Still, Röpke was never satisfied with understanding a free economy as self-justifying outside of moral and civic considerations. The experiences of countless western democracies in the postwar era prove him right. Citizens in these countries have struggled to find in work and consumer life alone a reason for living and dying. Accordingly, we have found in many western countries the creation of “providential” welfare states alongside markets, in which progress, as Röpke feared, is measured by indenturing citizens, who cling to the belief that they are blessed by the fictitious state and not by tax payments from their fellow citizens. Another element of such “progress” is ensuring that as many as possible are dependent in some form on the state. This results in centralization and the slow suffocation of family, faith, civil society, and the crucial formation of character and citizenship that these institutions help foster. Röpke, almost writing in the vein of Tocqueville, knew that the welfare state’s lasting negative impact went beyond runaway spending, inflation, and economic loss. Rather, the welfare state, unless limited to basic provision, strikes at the soul of liberty by creating citizens directed and led by administrative agents. People become subjects, not citizens. They slowly concede their sovereignty to an unelected regime of increasingly tyrannical “experts.” The order generated by markets, private law, civil society, and the moral reserves of family and faith erode as a result. A state-directed order begins to take its place, with concomitant results.

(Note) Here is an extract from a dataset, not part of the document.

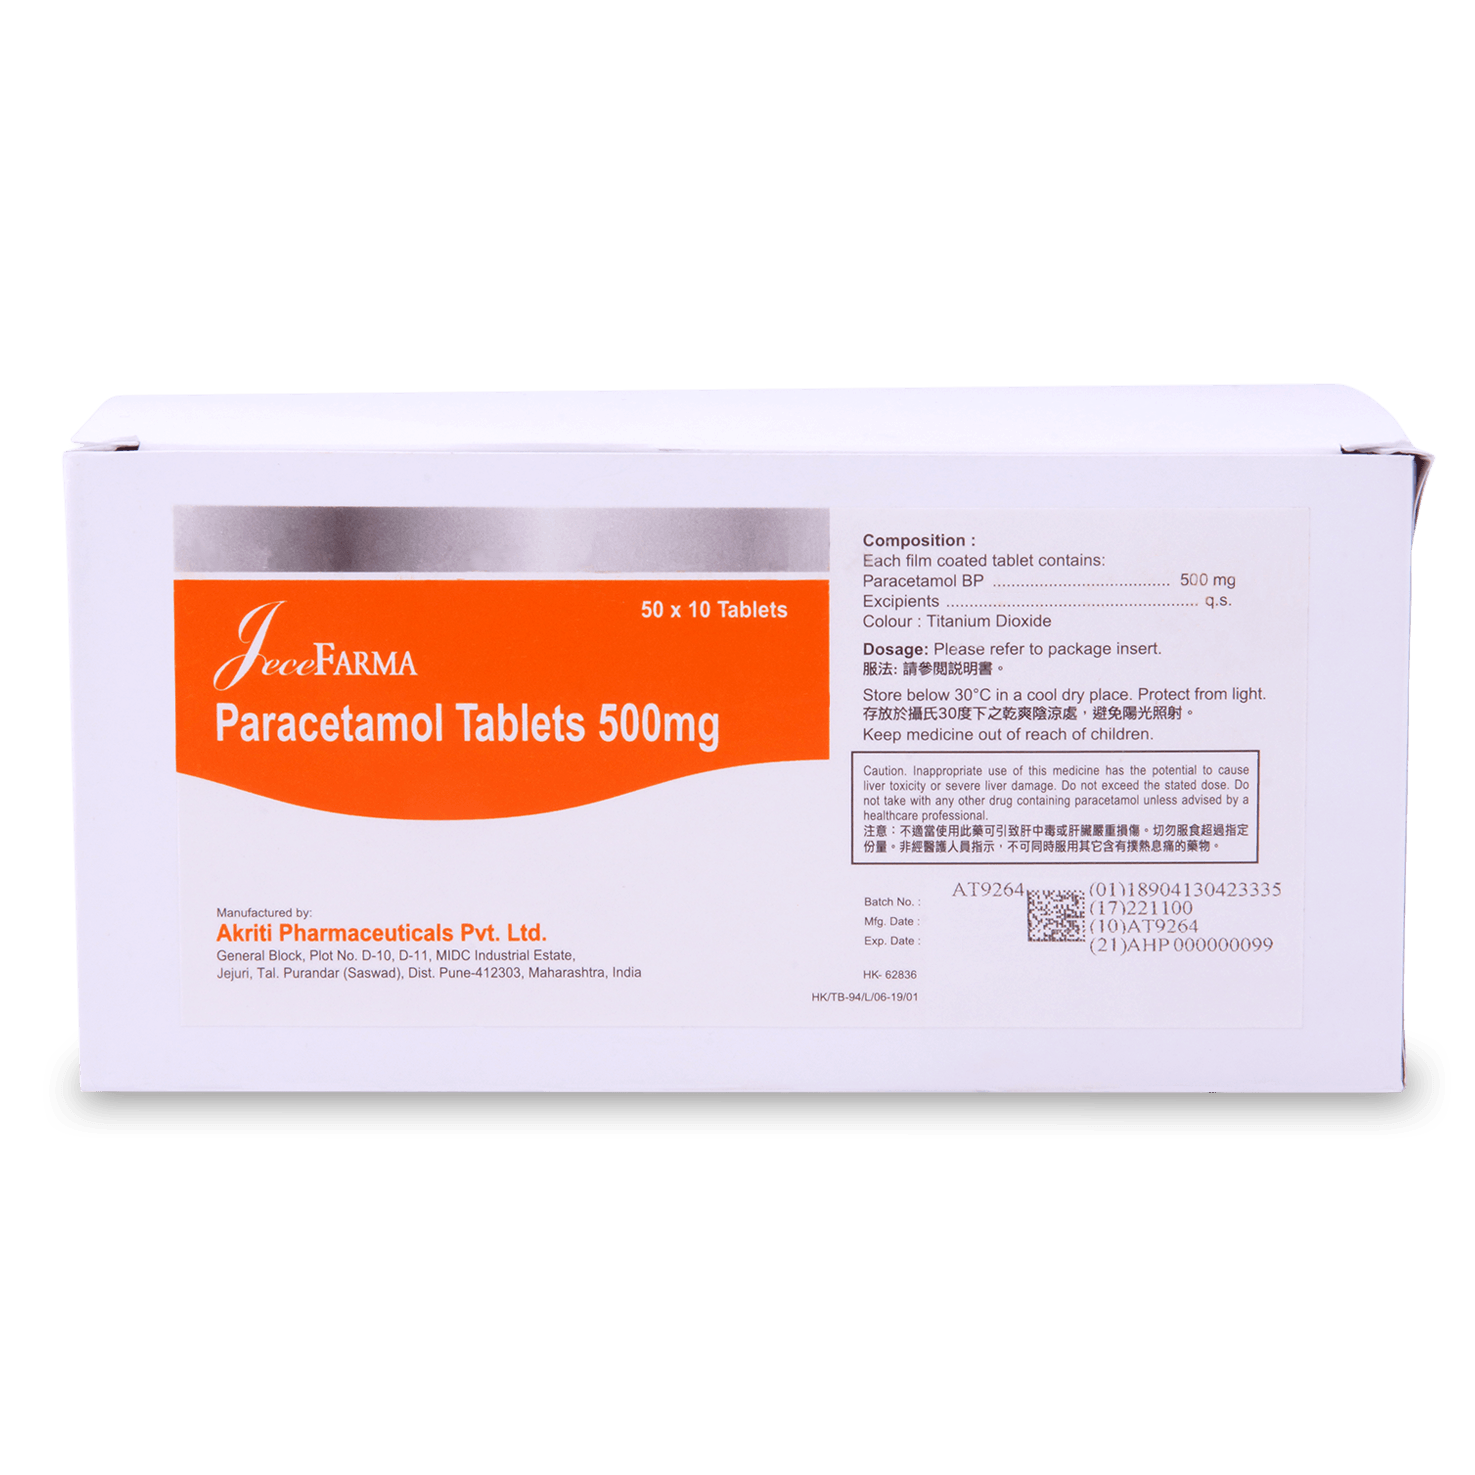 Jecefarma Paracetamol Tablets 500mg 50 x 10's (NP)

At the heart of Röpke’s reflection is the anthropological question: Who is man? The failure to answer this question correctly spells doom not only for the free market but also for liberal society as a whole. As Röpke eloquently states in his book A Humane Economy (1960):
My picture of man is fashioned by the full spiritual heritage of classical and Christian tradition. I see in man the likeness of God: I am profoundly convinced that it is an appalling sin to reduce man to a means (even in the name of high-sounding phrases) and that each man’s soul is something unique, irreplaceable, priceless, in comparison with which all other things are as naught.
Diametrically opposed to this noble anthropology is any public policy that aims at equality in every respect and detail, ignoring the nature and complexity of persons. Röpke was doubtful that such pervasive equality could be achieved or maintained, as countless disruptions and problems surely awaited the near-limitless provision of state power that would attempt to bring it about. He sought to articulate why such an approach was wrong from the outset.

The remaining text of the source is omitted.